“Ninety percent of the people I’ve worked with who are disruptive or lazy or unskilled or addicts or likely to throw a tantrum are men. Ninety percent of the ones who get called “difficult” are women.”
I have had some luck with audiobooks lately. As I stated when I talked about Lauren Graham’s recent memoir, I hadn’t really tried audiobooks since I enjoyed physically reading so much. But since I’ve been doing a lot of driving recently, audiobooks seemed like the best way to pass the time. Since I liked listening to one actress tell her life story, I decided to try another. And just like with Lauren Graham’s, I absolutely adored hearing Anna Kendrick’s stories from her own mouth.
Anna Kendrick’s book Scrappy Little Nobody is a little more acerbic, a little deeper, and a little more honest, and a whole lot of fun. She doesn’t hesitate to tell it like it is, and she does tell some tales of what she’s witnessed in show business since her young years on Broadway, while keeping names withheld to protect the innocent and the guilty.
Kendrick’s humor is amply apparent in this book, and I actually found myself driving around aimlessly for about half an hour so I could finish the book without having to exit the car. I think that’s a pretty good indication for quality. One of my favorite parts is quoted below, and I think showcases her wit and writing skills.
“*Some dudes like to say that men have the instinct to spread their seed, while women are supposed to protect their reproductive organs from everything but the best sperm for the strongest potential offspring. By that logic every woman in the world should be saving herself for Dwayne “The Rock’ Johnson and never let any of you shitheads touch her. Seriously, you guys should stop using that argument.”
Kendrick’s book makes me want to sit down with her and a cup of coffee and just spend hours chatting about her life and whatever random topics come to mind. She’s funny, she’s sweet, and she feels like the best friend you haven’t met yet.
She covers topics like friend-zoning:
“Some bitter boys reading this might accuse me of “friend-zoning,” but I’d like to say that even if a girl has misinterpreted a situation that someone else thinks was obvious, she does not owe her male friends anything.”
Being seen as nice:
“I gave up on being Nice. I started putting more value on other qualities instead: passion, bravery, intelligence, practicality, humor, patience, fairness, sensitivity. Those last three might seem like they are covered by “nice,” but make no mistake, they are not. A person who smiles a lot and remembers everyone’s birthday can turn out to be undercover crazy, a compulsive thief, and boring to boot. I don’t put a lot of stock in nice. I’d prefer to be around people who have any of the above qualities over “niceness,” and I’d prefer it if that applied to me, too.”

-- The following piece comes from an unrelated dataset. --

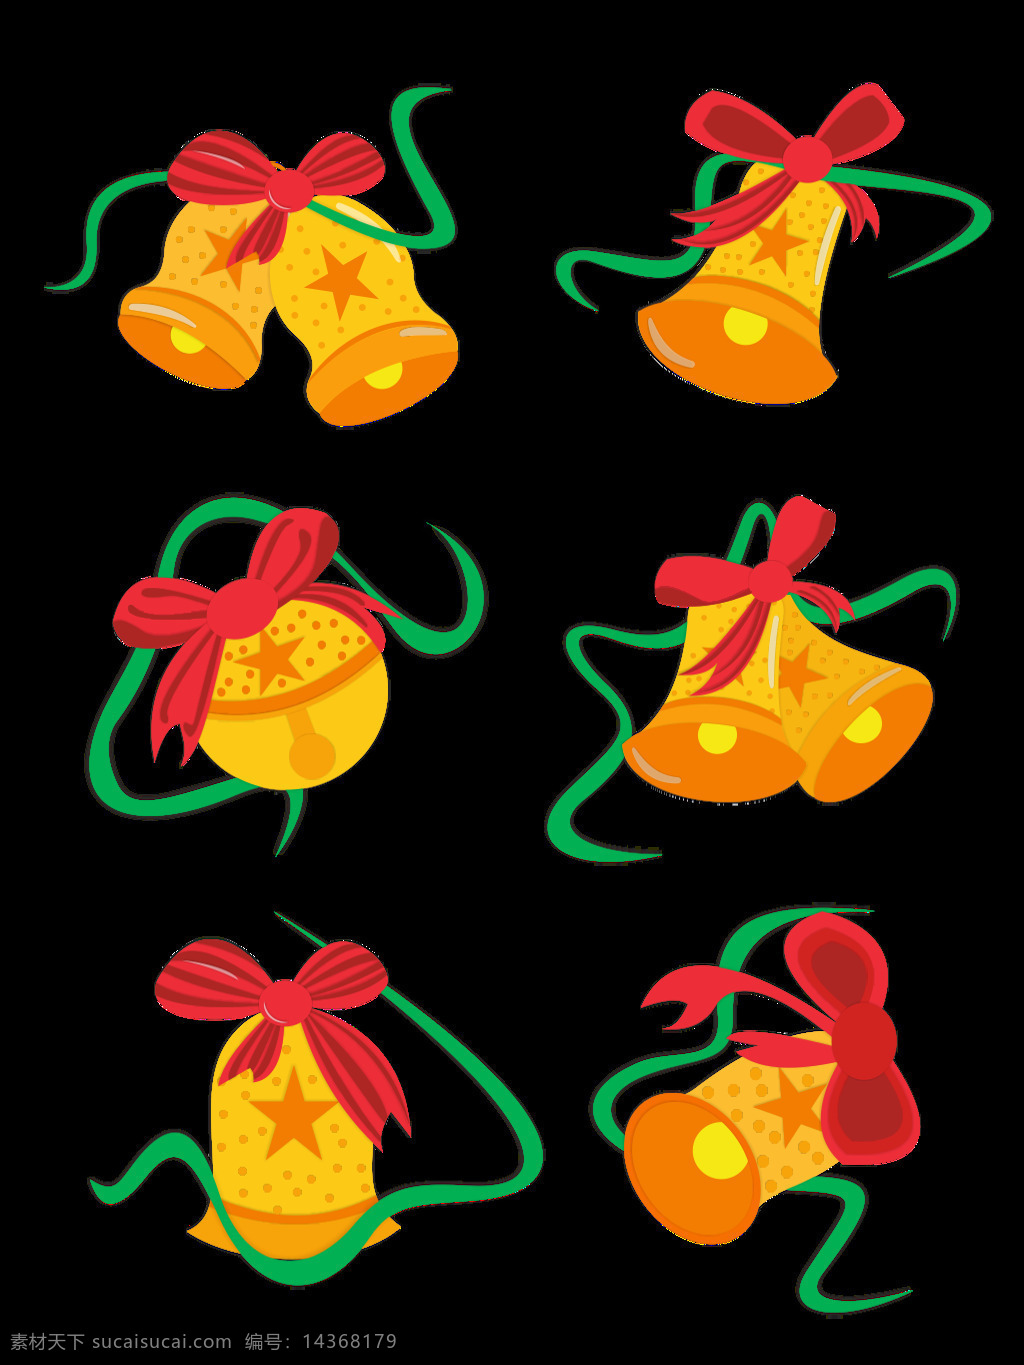 圣诞节 铃铛 元素 卡通 可爱 黄色 套 图 节日 元素设计

Learning lessons while working:
“People being tough with you doesn’t mean they’re villains.”
“I lost a Tony Award to Broadway legend Audra McDonald when I was twelve, so I’ve been a bitter bitch since before my first period.”
And more. Like I said, it’s hilariously funny to listen to. I hope I can have half the wit and charm of Kendrick, or at least the ability to be utterly myself without giving a shit what others think of me. I laughed, I loved, and I wanted to plaster some of her words across my former TrapperKeeper as a reminder of what to keep true. I hope she writes another book- I’d love to sit down and hear more straight from Anna’s wonderful mind.